Theory rising

Although it’s a few months old, Larry Abbott has an excellent article in Neuron on the recent (last 20 years) contributions of theoretical neuroscience. (He came by MIT last week to give a talk and that’s when I found out about the article.) It’s a review that is not too long and provides a good overview with both sufficient (though not overwhelming) detail and original perspective. It’s rare to find a short piece that is so informative. (And for a more experimentally-oriented review with an eye toward the future, see Rafael Yuste’s take on the grand challenges.)

Click on for some of my favorite passages from the Abbott piece.

Abbott uses the following problem of input decoding

Spike counts and neuronal firing rates are positive quantities. This simple fact has important implications for neural coding and neural circuits that provide a framework for thinking about a number of research directions taken over the past 20 years.

to highlight new work in synchrony, dendritic compartments, and balanced excitation-inhibition. This is probably the best part of the whole article. With some simple arithmetic, he motivates and explains solutions to the problem of correlating neural activity with real events.

The successes of circuit models (and principles of circuit models) in primary visual cortex:

We now have plausible mechanisms for how simple and complex cells obtain their basic response characteristics. Although no single consensus abouthow the circuits of primary visual cortex operate has arisen from this body of work, this may simply reflect the fact that multiple mechanisms contribute. In other words, many of these ideas are probably correct in one way or another, and the wealth of ideas in this field should be viewed as a success. Circuit-level modeling is now advancing beyond primary sensory areas (for example, Cadieu etal., 2007) and to the consideration of phenomena such as working memory through sustained activity (Amit and Brunel, 1997,Compte etal., 2000,Seung etal., 2000) and decision making (Wang, 2002,Machens etal., 2005).

And the dangers of an unhealthy obsession with connectomics:

What can we learn from the complete connectome or, indeed, a complete mathematical description of a complex artificial network model?
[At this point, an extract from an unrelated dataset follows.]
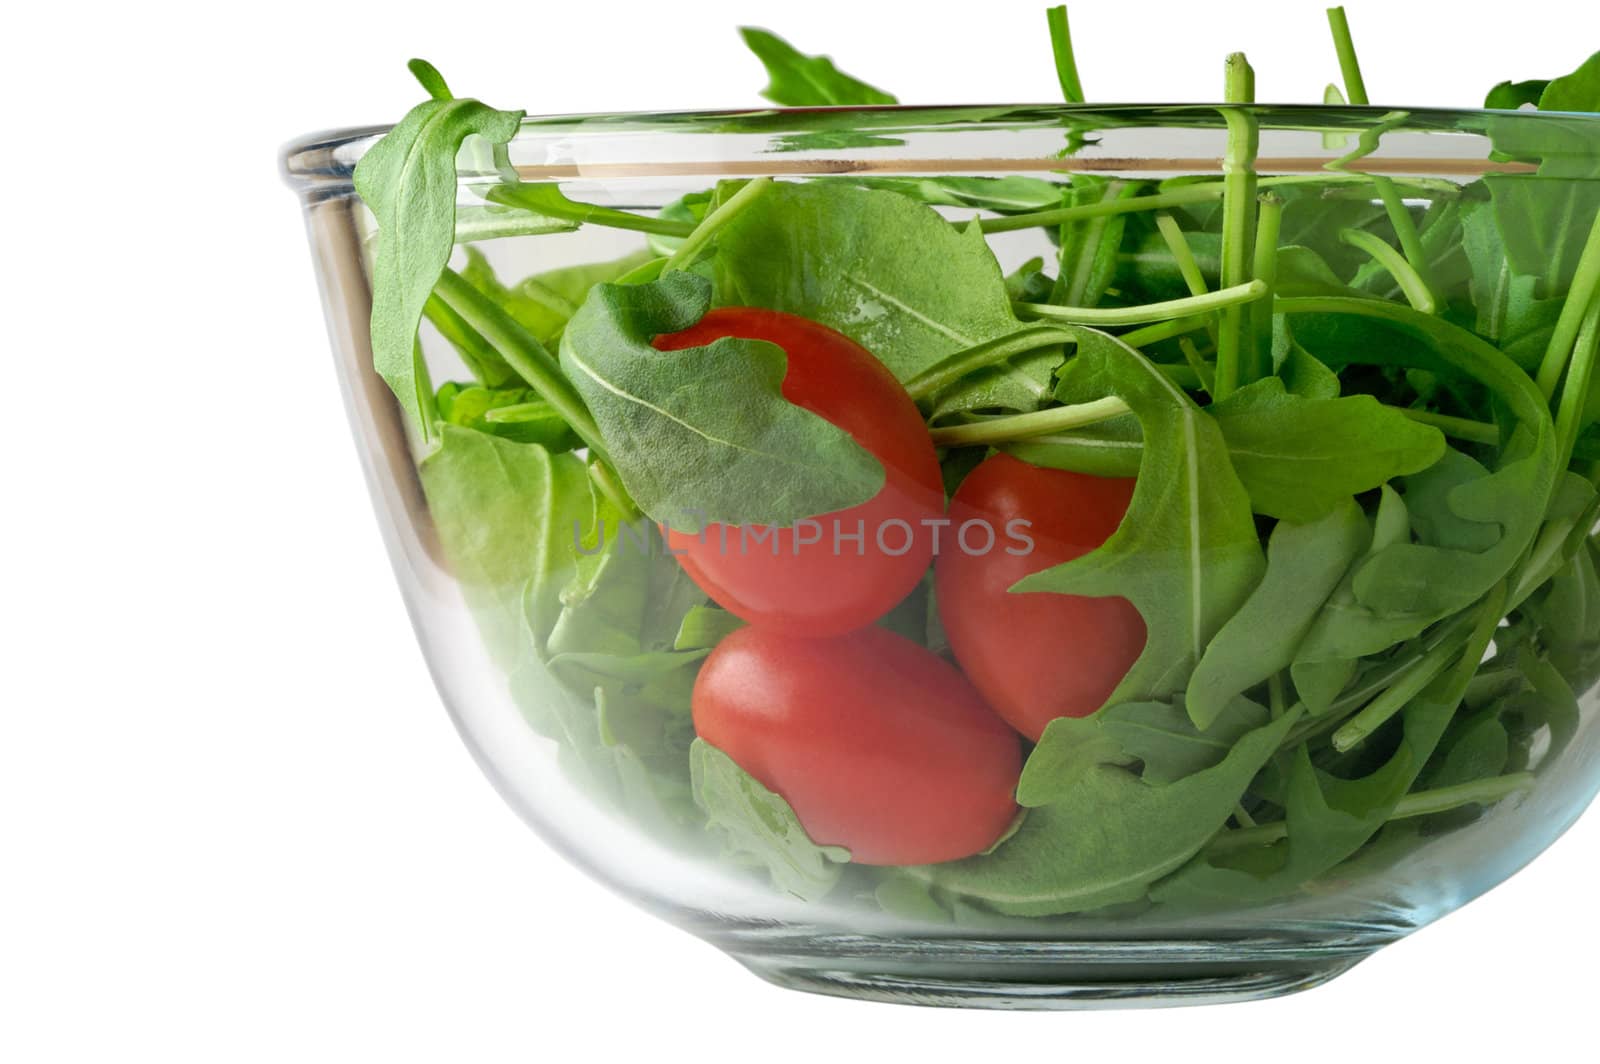 Salad with rugola and cherry tomato in glass bowl (side) with clipping path by Laborer

First, what can’t we learn? It is unlikely, for example, that we could deduce the task that the network was constructed to perform even if we were given the complete equations and connections of the model. If, along with this information, we were told what this task was, it is unlikely that we could figure out how the network performs it. If we somehow managed to make any progress along these lines, the people who constructed the network could probably provide us with another one that performs the same task but has a different connectome. In a similarway, biological systems may operate in a more variable manner than we have suspected, as has been stressed by Eve Marder (Marder etal., 2007). These issues are particularly true of a class of network models known as liquid state or echostate networks (Maass etal., 2002,Jaeger, 2003). In these models, the vast majority of interneuronal connections are not directly related to the task being performed (they are typically chosen randomly and left unchanged), the exceptions being synapses onto the output units of the network. Nevertheless, the tuned values of the synapses onto the output units can only be understood through their relationships to the random synapses. Such systems represent enormous challenges for conventional anatomical and physiological approaches.

The fact that the connectome of an artificial neural network does not typically tell us what the network does or how it does it should not be taken as an indication that this information is useless. Far from it. But we must be willing to be more abstract in our thinking. The important issue for an artificial network is not how it works but how it was constructed, which means what training procedures and modification rules were used to get it to perform a task. Although this information is not provided directly by the connectome, much can be inferred. For example, it is important to know whether the network has a feedforward architecture or has strong feedback loops. Other features of the network layout, whether it has hubs or bottlenecks, how many layers it contains, and its degree of heterogeneity, provide important clues as well. Obtaining a high-resolution connectome in neuroscience will be of great value, but artificial neural networks provide a cautionary tale that reminds us that scientific revolutions tend to render uninteresting as many questions as they answer. We will be fortunate if the connectome project does this for neuroscience, butas we launch ourselves into it we should appreciate that, as artificial neural networks appear to suggest, we may be asking the wrong questions.

Finally a major challenge for the future:

This is where I think the future lies in theoretical investigations of cognitive function. We must learn how to build models that construct hypotheses through their internally generated activity while remaining sensitive to the constraints provided by externally generated sensory evidence.

One thought on “Theory rising

  1. Hi. I was wondering what Abbot’s proposal is to tackle the issue of understanding “how to build models that construct hypotheses through their internally generated activity while remaining sensitive to the constraints provided by externally generated sensory evidence.”. I can see his criticisms of parameter-rich models with tons of equations and intricate connections, but what is the alternative in his mind?